There are tests that are designed to prevent these differences from influencing your score. They're called "culture fair tests". Nobody here has specified whether a culture fair test was used (I searched the page).

Comment author: RichardKennaway 14 August 2012 11:57:44AM 14 points [-]

There's a possible explanation that is totally in support of the Africans, EVEN if the claim was true. Here it is:

IQ tests are culturally biased.

Where did this explanation come from? The way you present it, it's as if you looked for this explanation in order to save a belief about the intelligence of Africans.

If the test asks "How do you use a teacup?"

I have seen a few IQ tests, and none of them contain questions remotely like this. This imaginary IQ test question seems to have been invented as fictional evidence to support the explanation.

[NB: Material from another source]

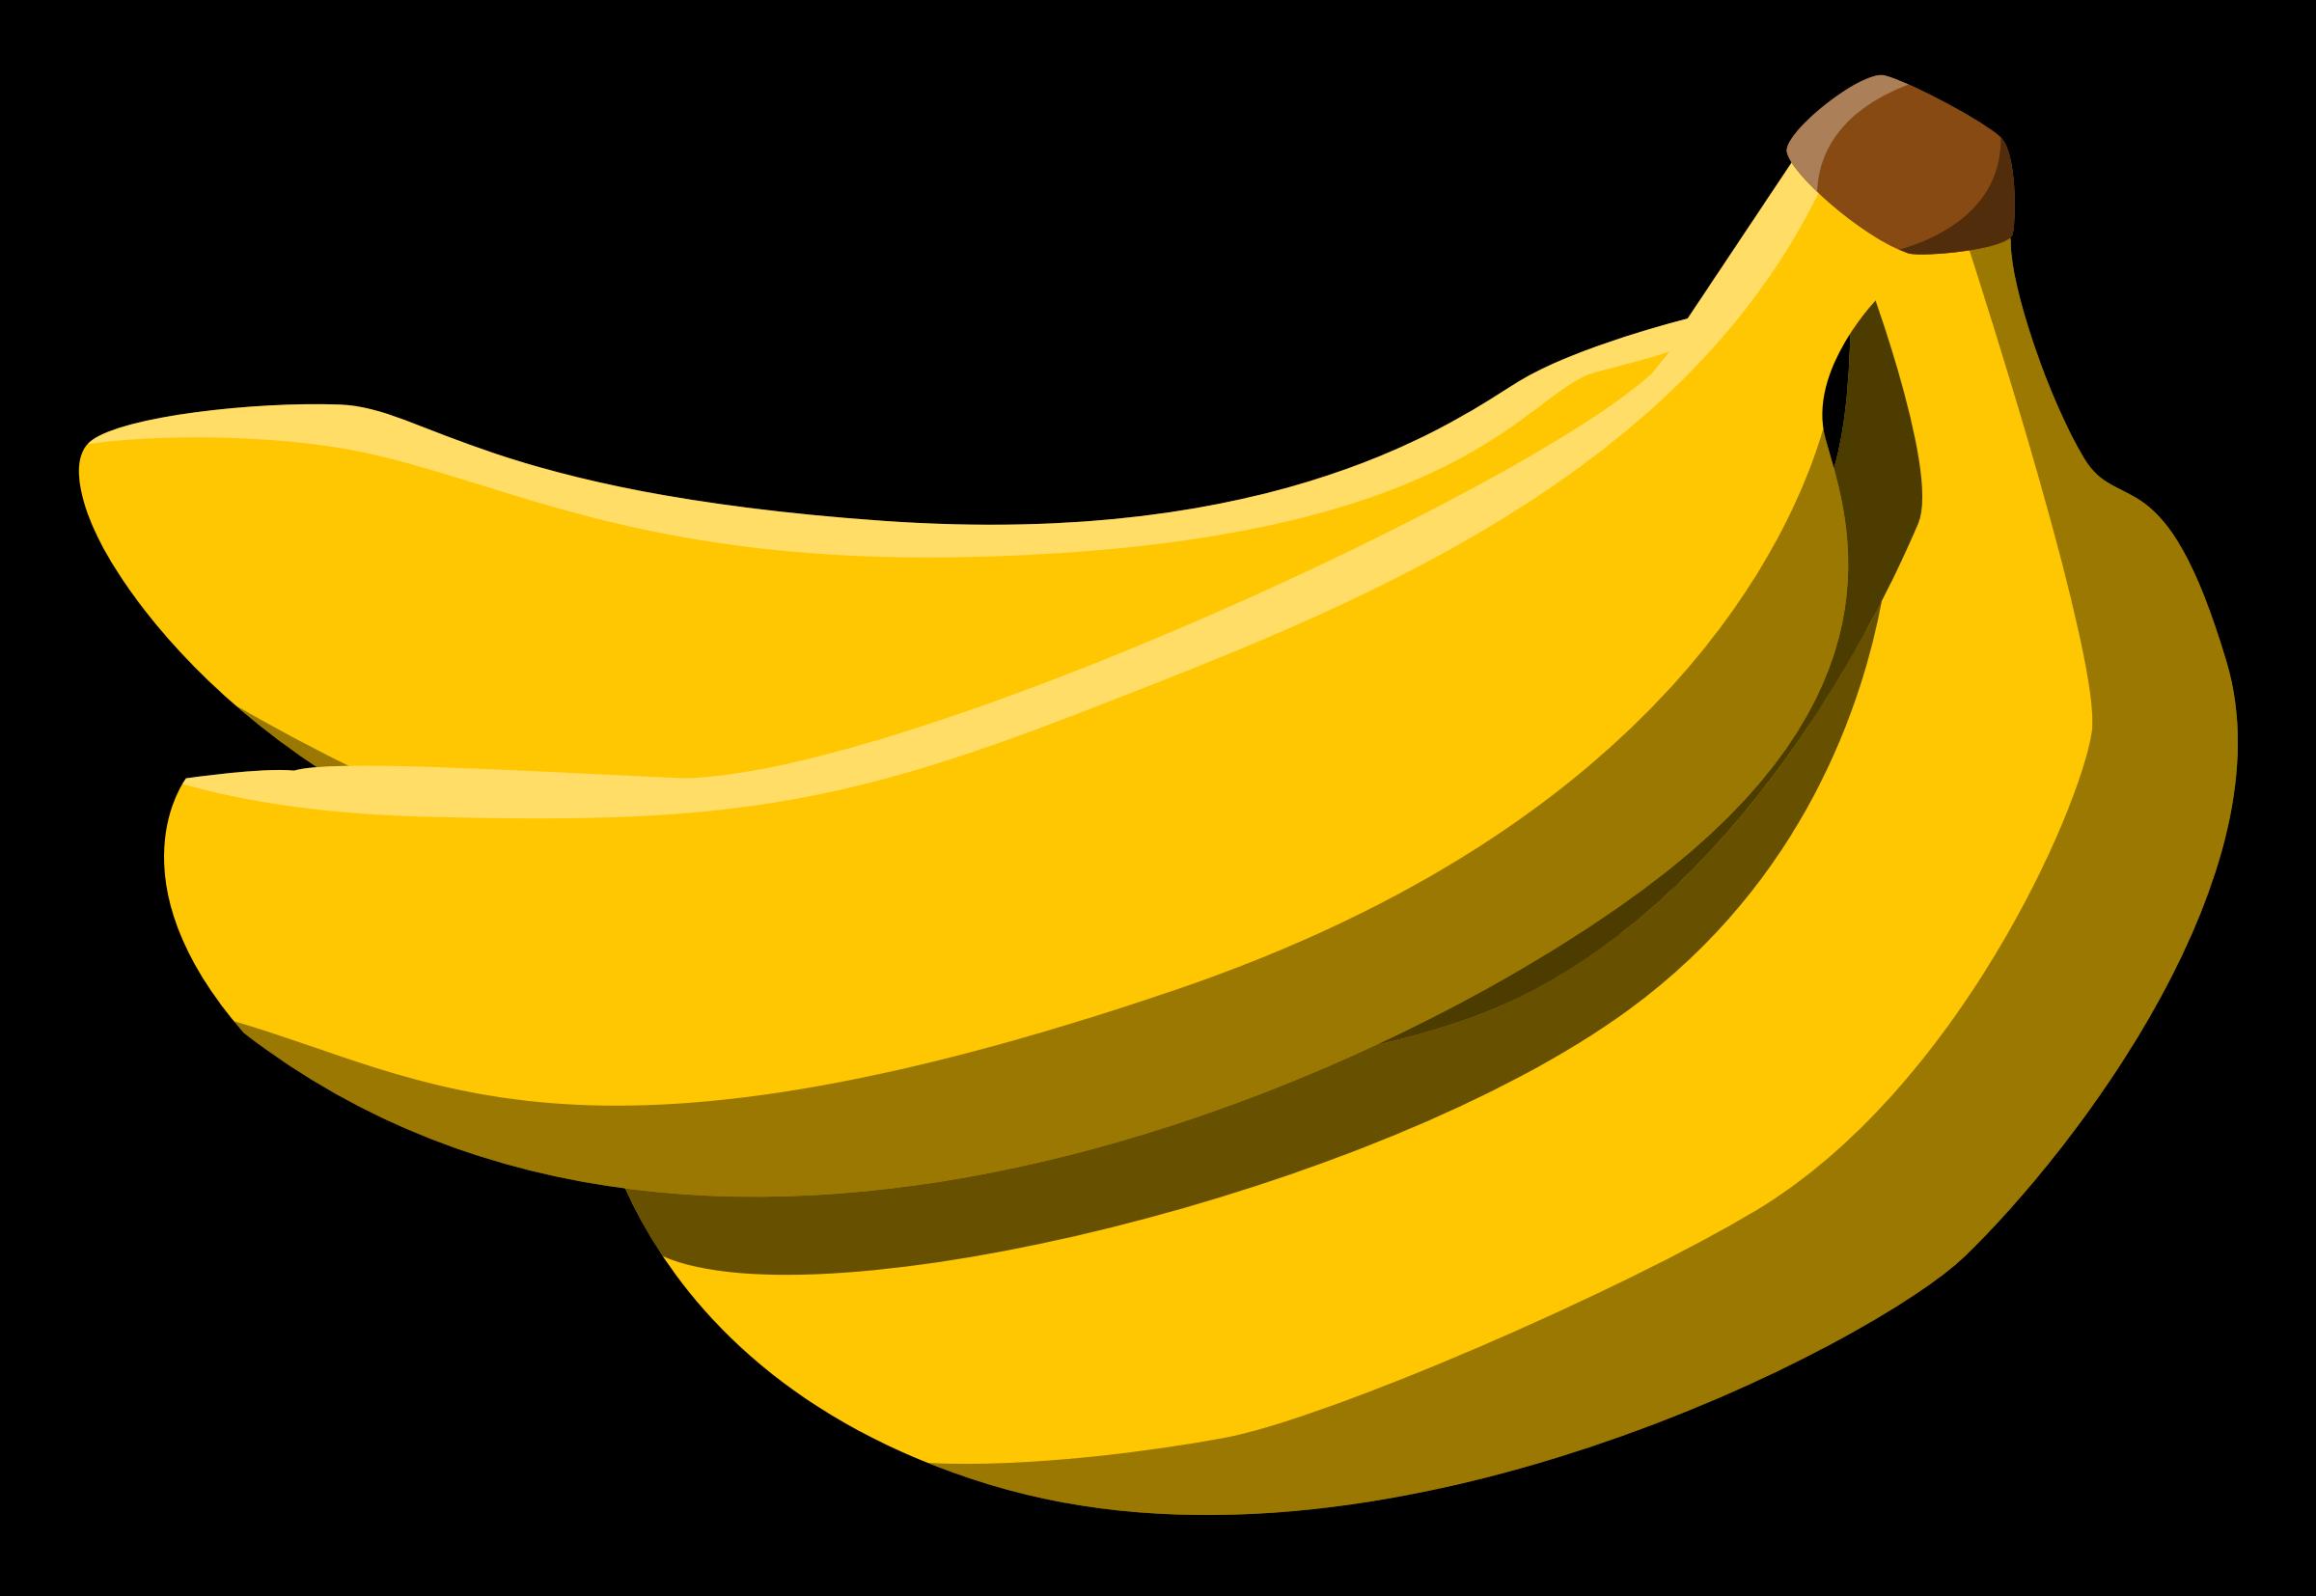 image royalty free Clipart Of Banana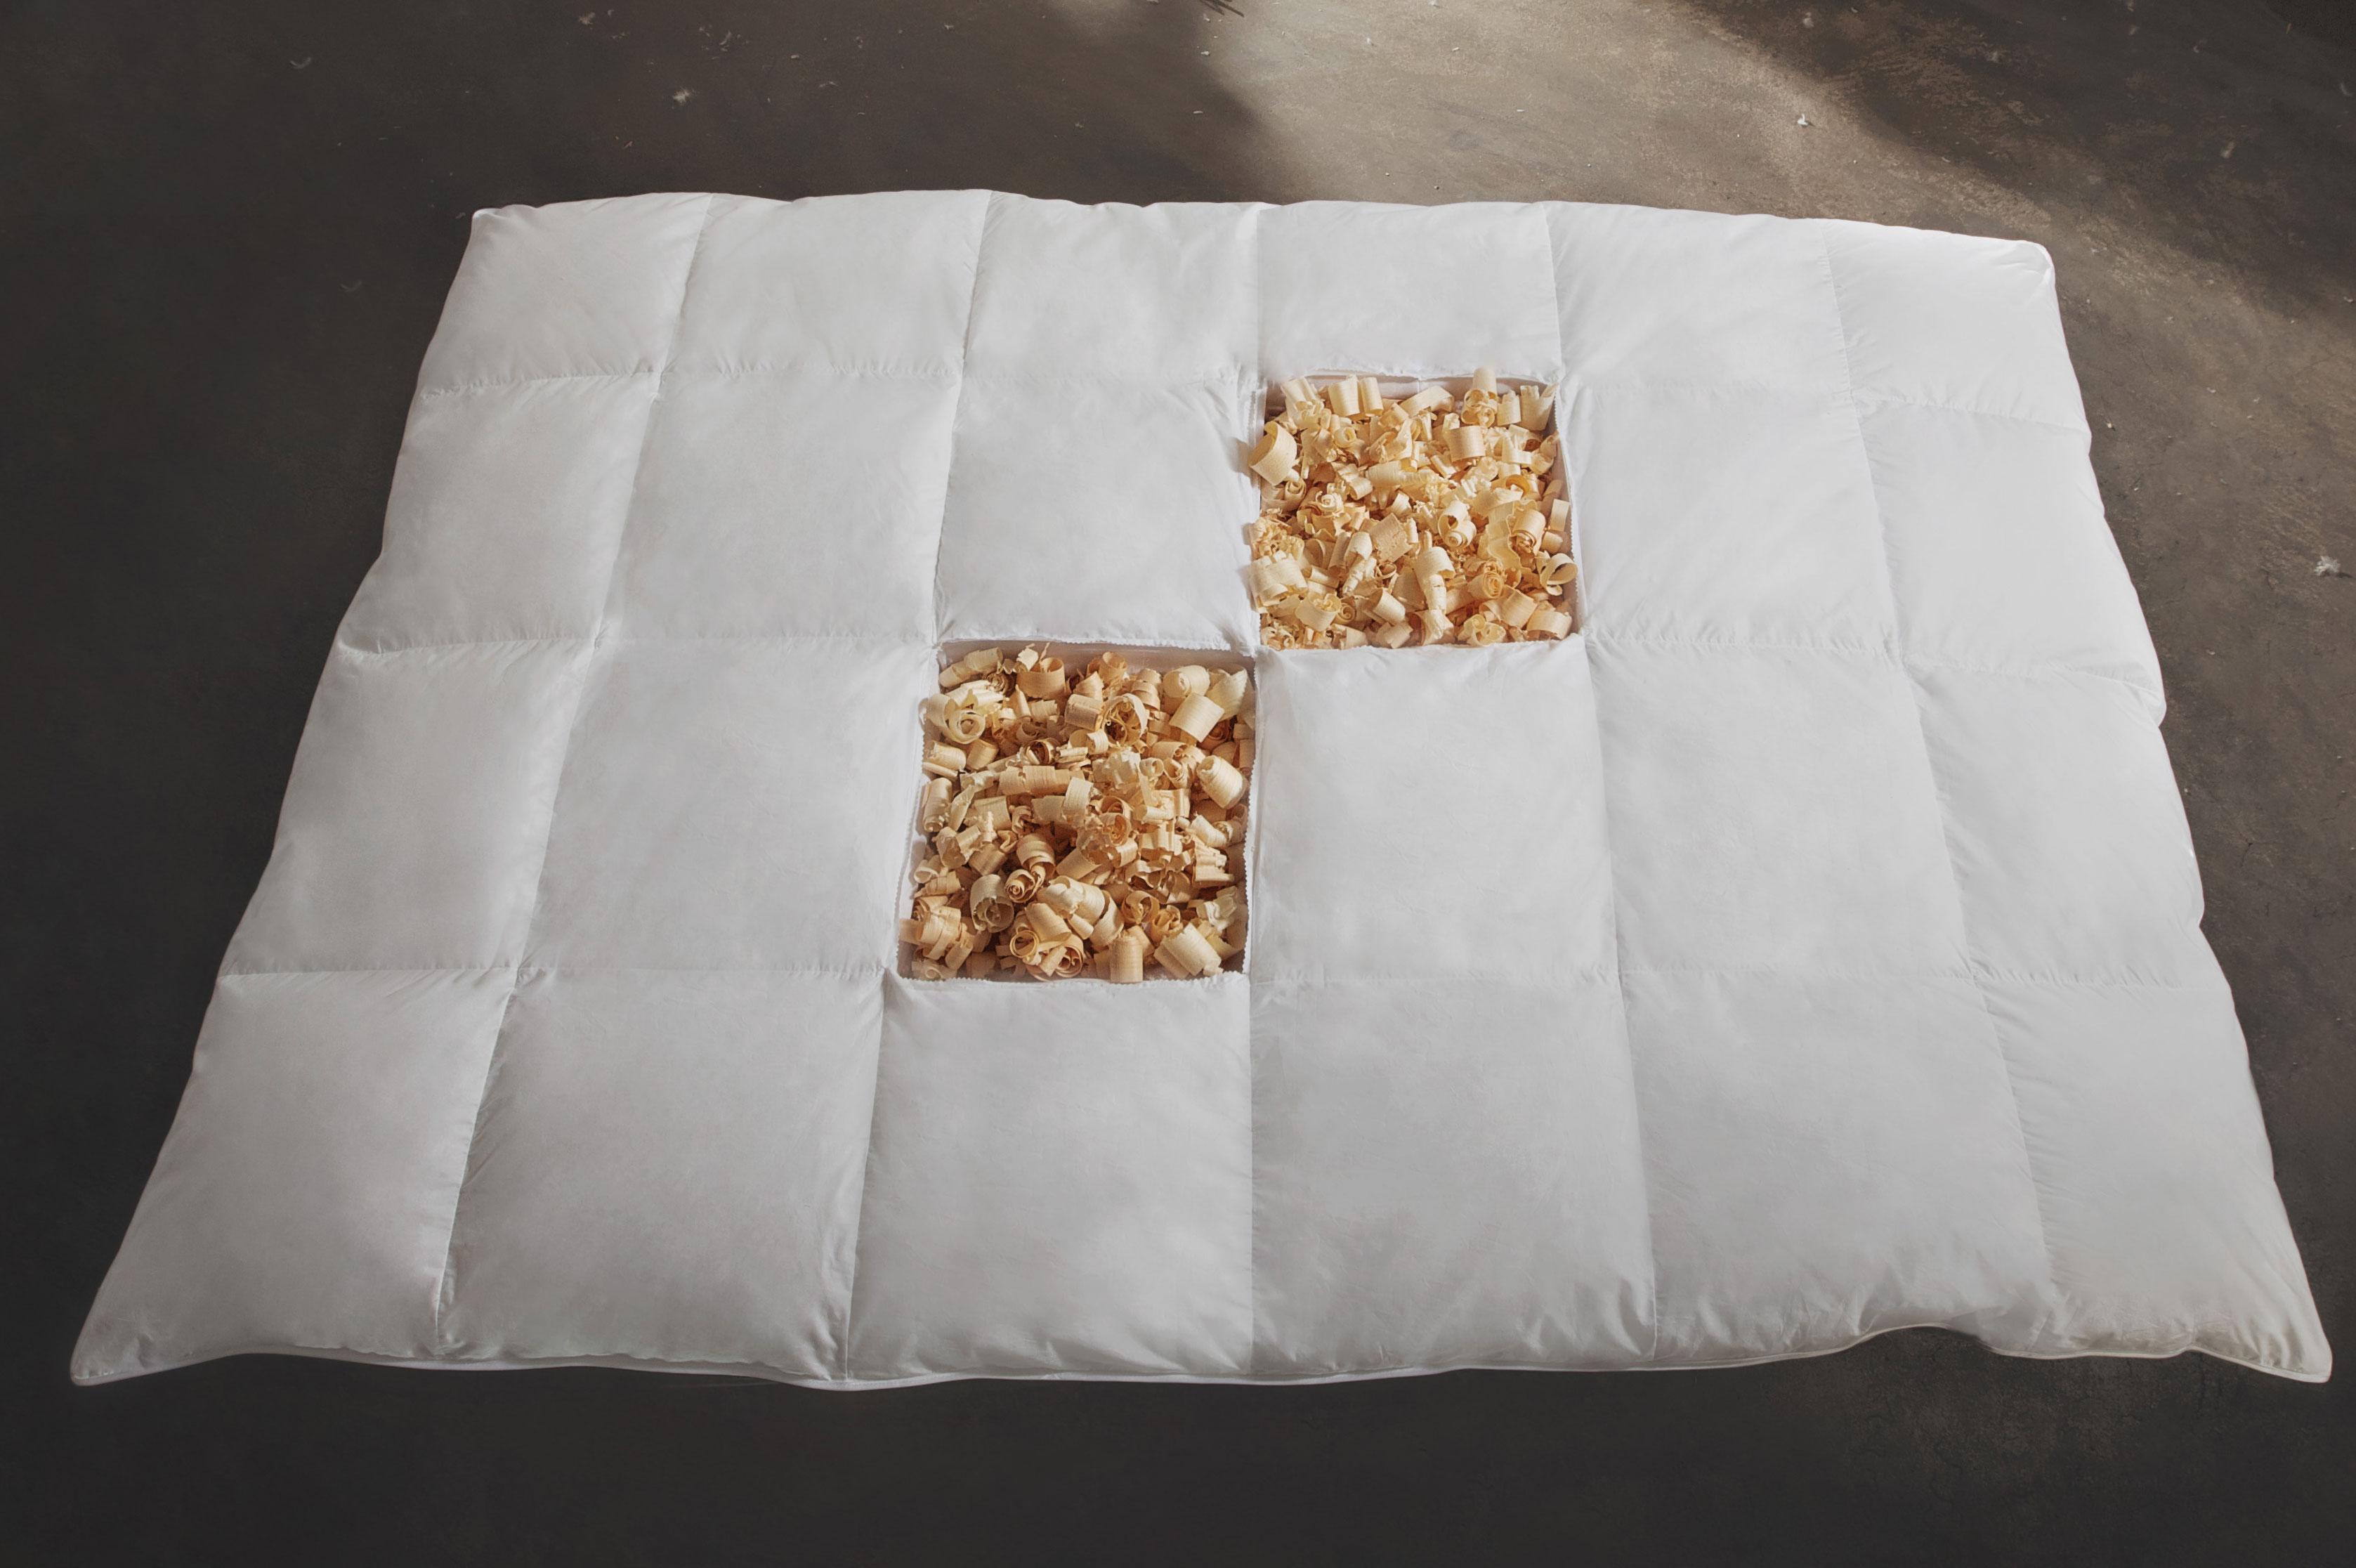 Bettdecken und Kopfkissen - Zirben Daunen Bettdecke Ganzjahresbett warm 155x200 Hermetic® Zirbe  - Onlineshop PremiumShop321

IQ tests these days are typically "culture-fair", by which is meant that the questions are non-verbal and non-pictorial. At least, that is what is usually meant, although on googling for "culture-fair", I did notice the occasional assumption that a test that gives different average scores to people from different cultures is ispo facto not culture-fair, making equality of IQ between cultures an axiom instead of an observation.